-------- Original Message --------
Subject: Re: The Byterange filter -- a new design -- feel free to rip it to shreds
Date: Tue, 13 Jul 2004 10:35:45 -0500
From: William A. Rowe, Jr. <[EMAIL PROTECTED]>
Reply-To: [EMAIL PROTECTED]
To: [EMAIL PROTECTED]
References: <[EMAIL PROTECTED]> <[EMAIL PROTECTED]> <[EMAIL PROTECTED]> <[EMAIL PROTECTED]> <[EMAIL PROTECTED]> <[EMAIL PROTECTED]> <[EMAIL PROTECTED]> <[EMAIL PROTECTED]>
At 08:44 AM 7/13/2004, Graham Leggett wrote:
Geoffrey Young wrote:
ok, that isn't the idea I had about output filters at all. my own concept of how this all worked (or should work) is that content handlers are supposed to just generate content. specifically, they should not care at all about RFC compliance - this is why we have a separate header filter, byterange filter, and so on (and why I think ap_set_last_modified foo should be in its own filter ;)

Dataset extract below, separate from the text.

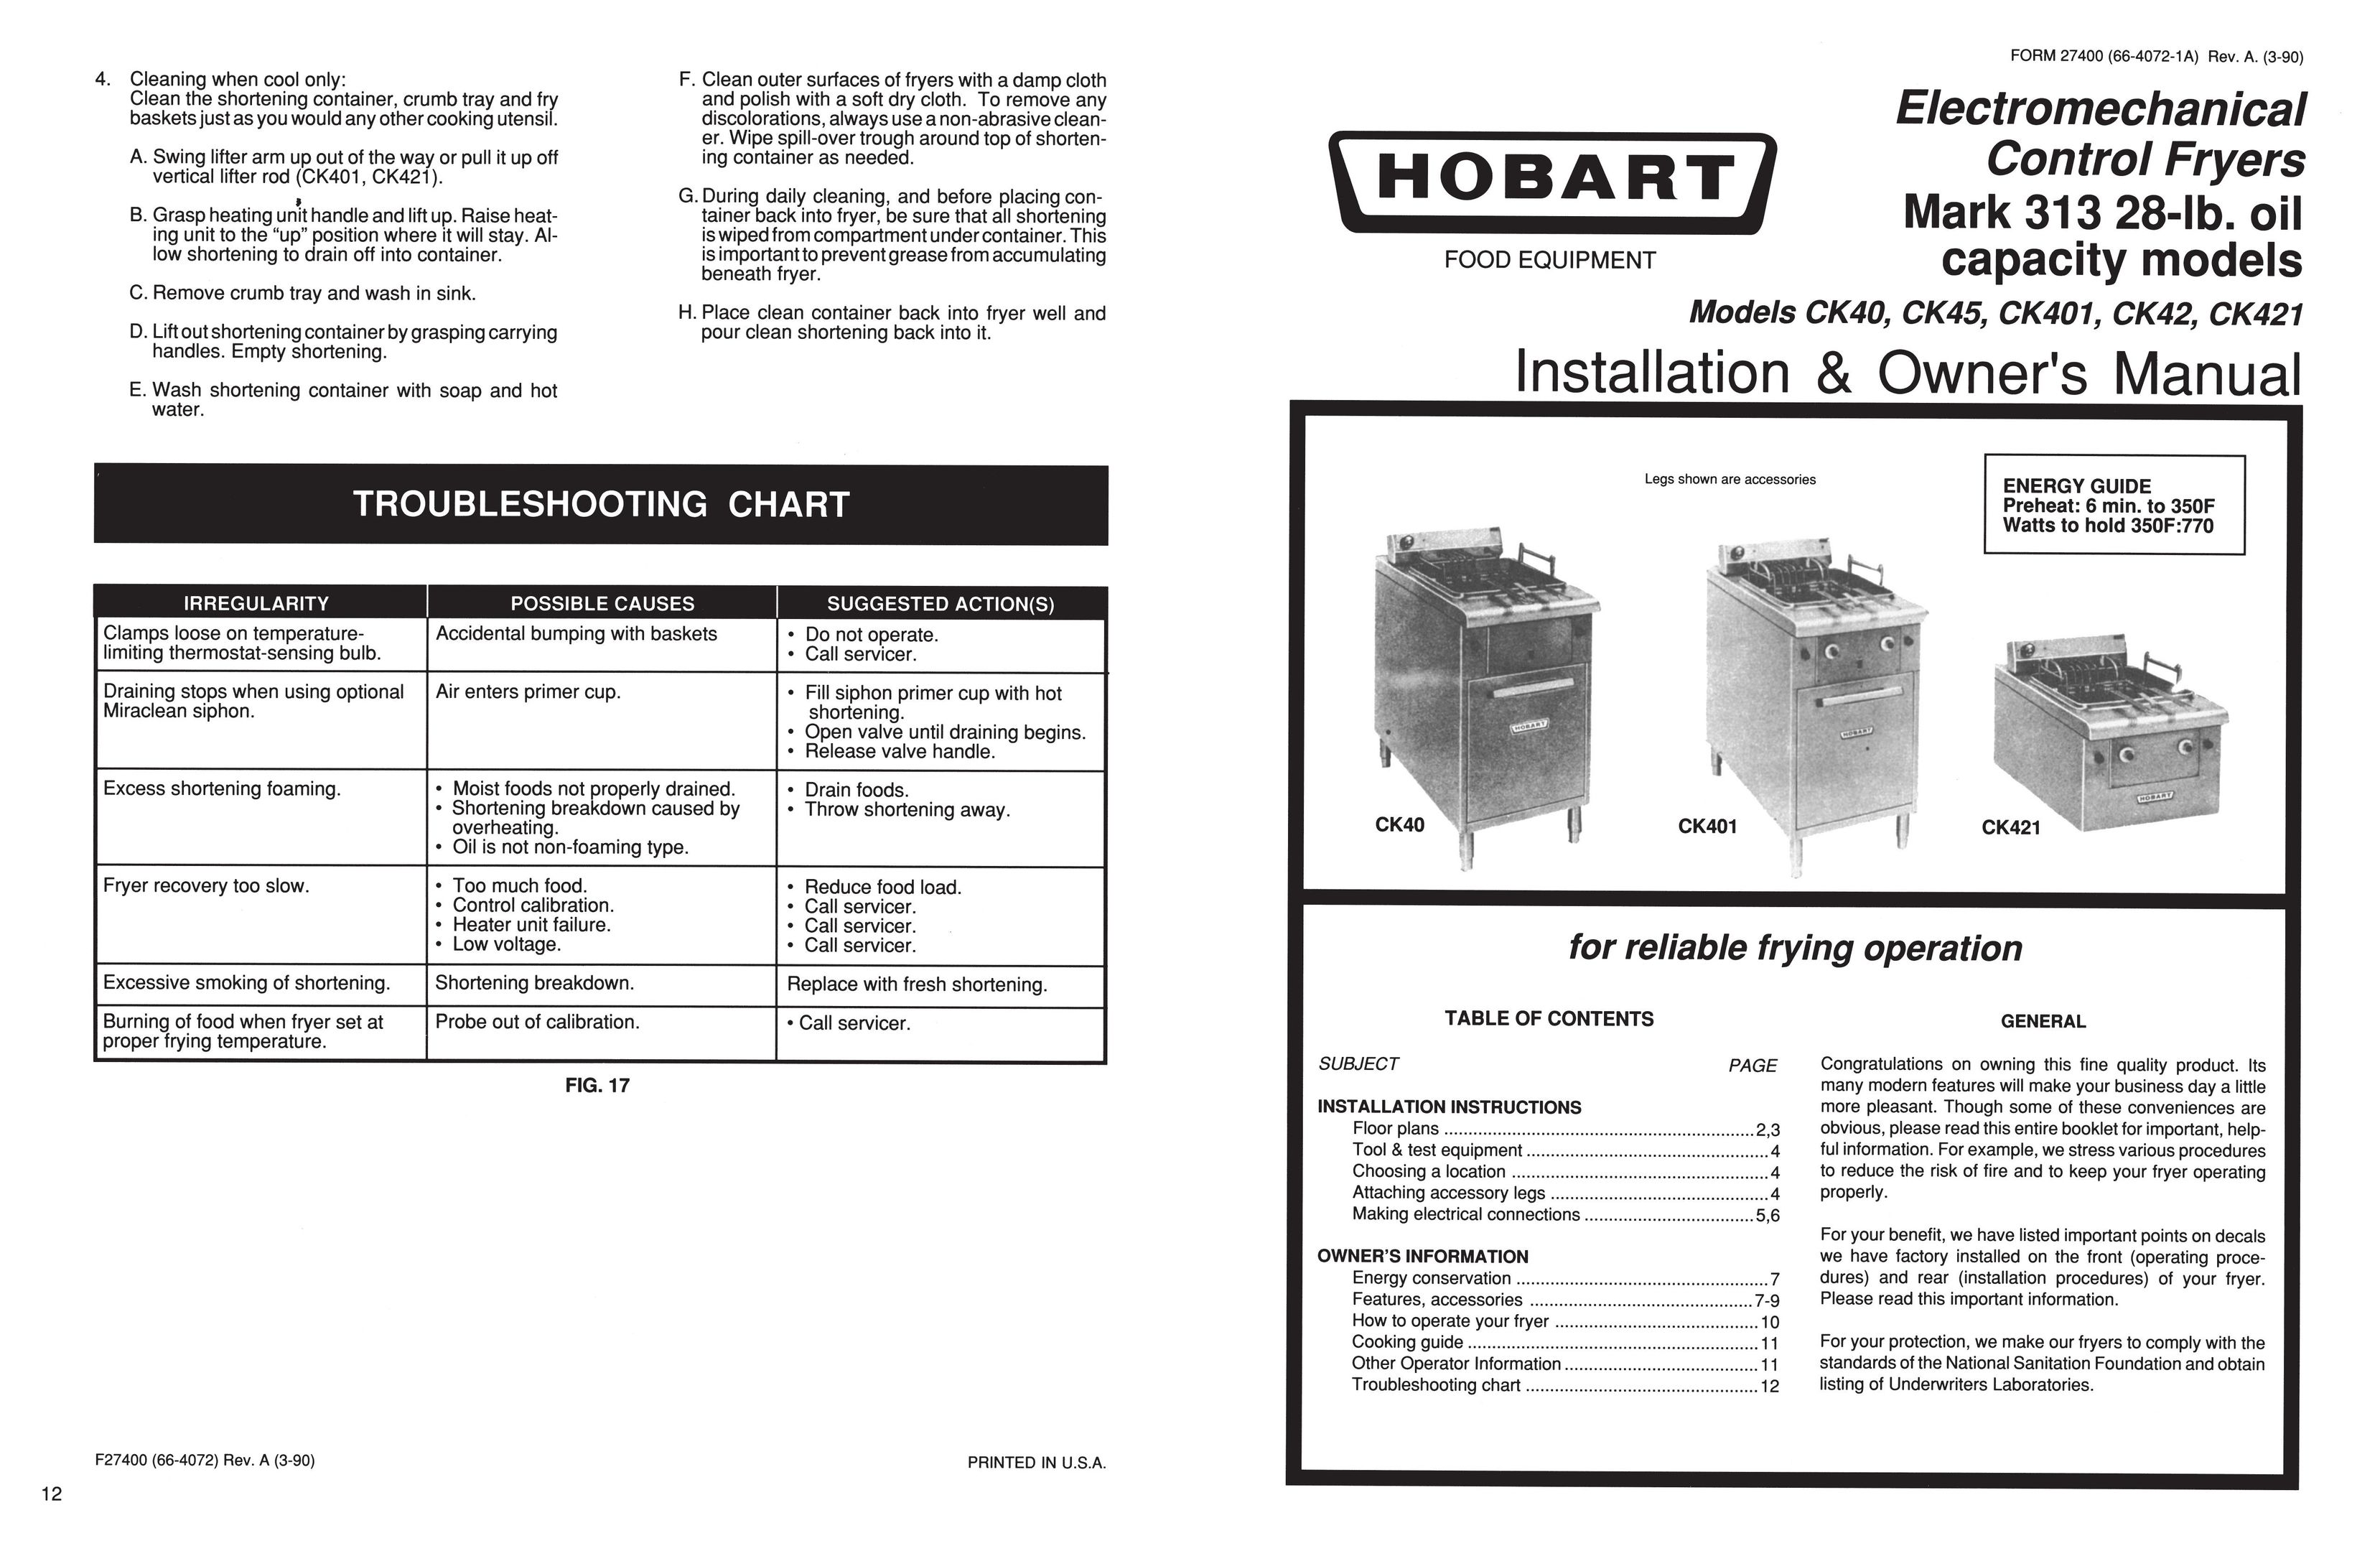 Hobart CK42 Fryer User Manual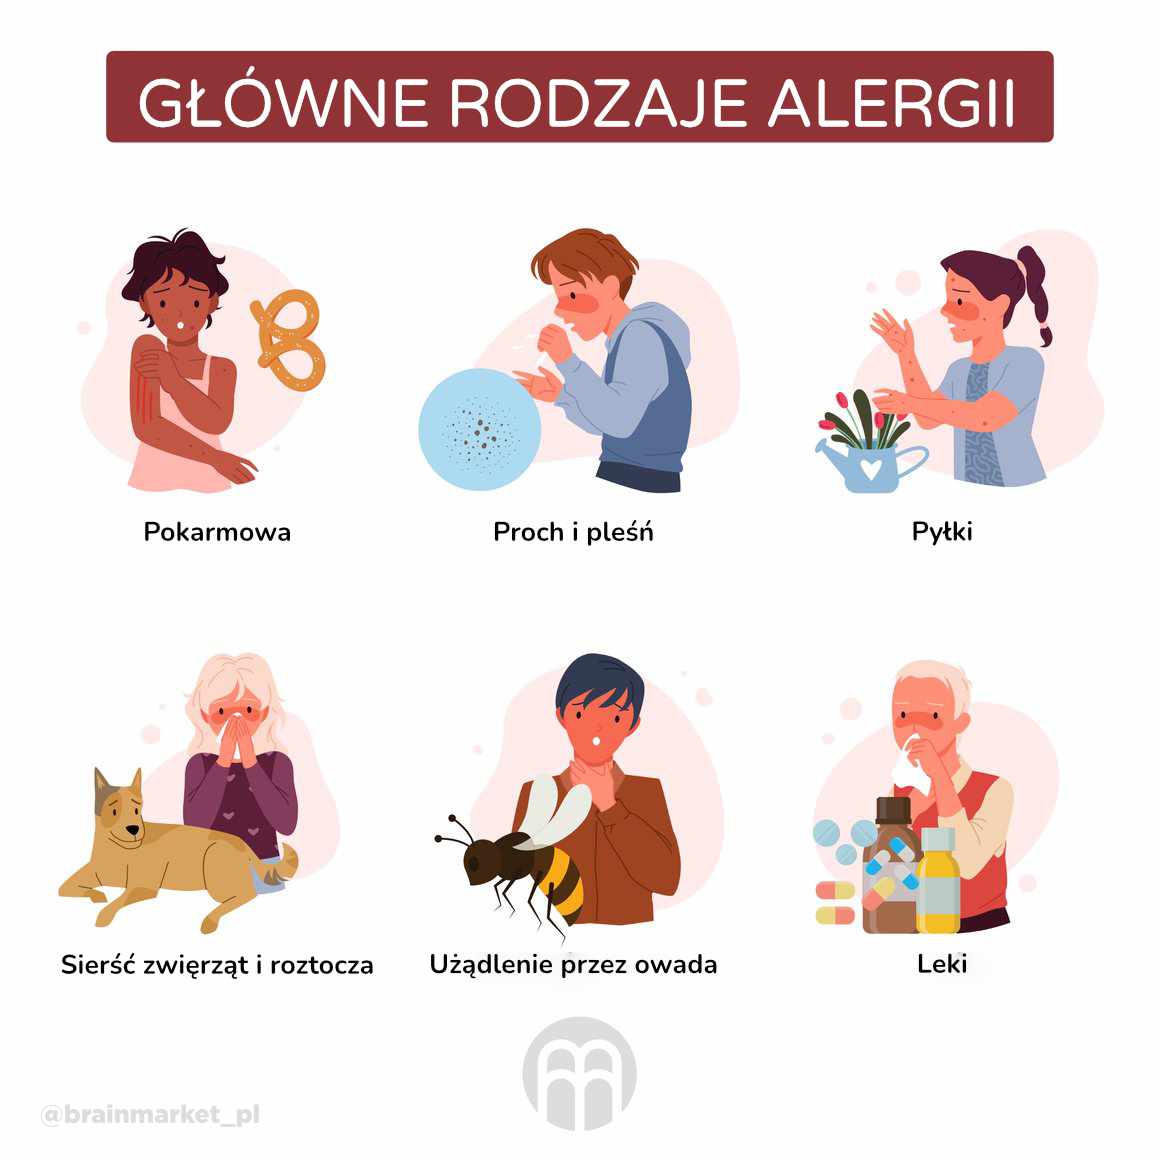 hlavni tipy alergii_pl-2

In terms of very simple content handlers, such as a handler that might serve content stored in a file on disk, the above is true - it doesn't care much about HTTP, that is mostly handled by higher layers.
The problem starts creeping in when the content handler is less trivial than the file serving handler, such as mod_proxy, which receives an HTTP request from the input filter stack, and returns an HTTP response to the output filter stack based on content and headers generated by a backend server.
The confusion results because mod_proxy isn't implemented as a content
handler, it's a protocol handler in its own right. Rather than insist on the
mod_http <> mod_proxy agreeing to streamline the response, we've put
it on every content module author to:
. remove output C-L header if the size is transformed . remove input range headers if the content isn't 1:1 transformed
This is very kludgy and more an example of where mod_http <> mod_proxy
didn't quite get it right, and made it a little more difficult for folks who are
just trying to transform content bodies.
It would be nice in apache 2.2 to finally clean up this contract, with two simple metadata element to pass through the filter chain:
. this request is unfiltered . this request has a 1:1 filter (stateless) . this request has a arbitrary content transformation
Each filter is the stack could promote the complexity but should never set it to a lower state. This would allow http/proxy modules to negotiate less complex transformations in more efficient ways.